* [Work task]
Only one portion of the data is to be written out: from the line bearing "すとぷり - 未完成のシナリオ (ピアノソロ譜) by 萌や氏" through the line bearing "Vintage West Bend". Write it exactly as it appears.

* [Data for processing]
----
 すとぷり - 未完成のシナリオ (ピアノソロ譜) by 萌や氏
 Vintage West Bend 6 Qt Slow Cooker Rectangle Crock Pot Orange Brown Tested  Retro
----
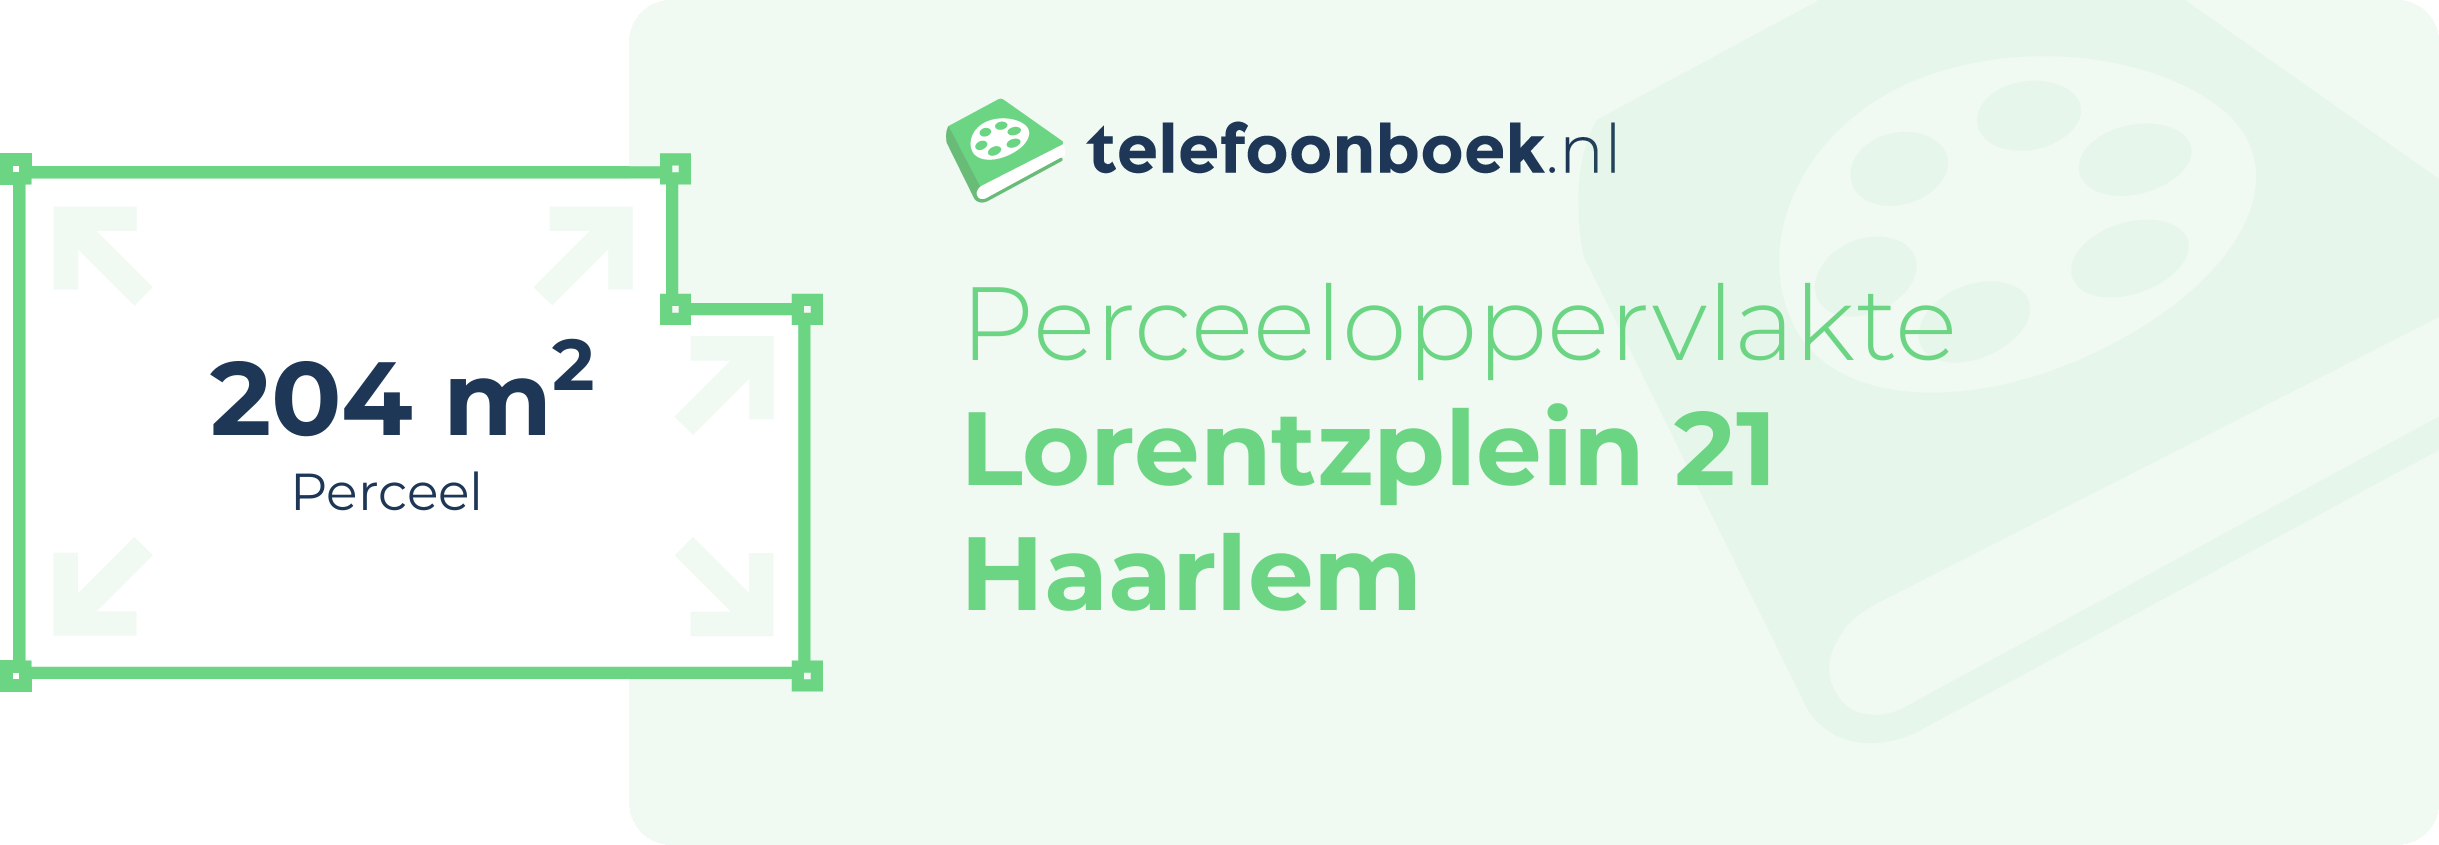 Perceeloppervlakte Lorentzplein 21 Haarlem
----
* [Result below]
 すとぷり - 未完成のシナリオ (ピアノソロ譜) by 萌や氏
 Vintage West Bend 6 Qt Slow Cooker Rectangle Crock Pot Orange Brown Tested  Retro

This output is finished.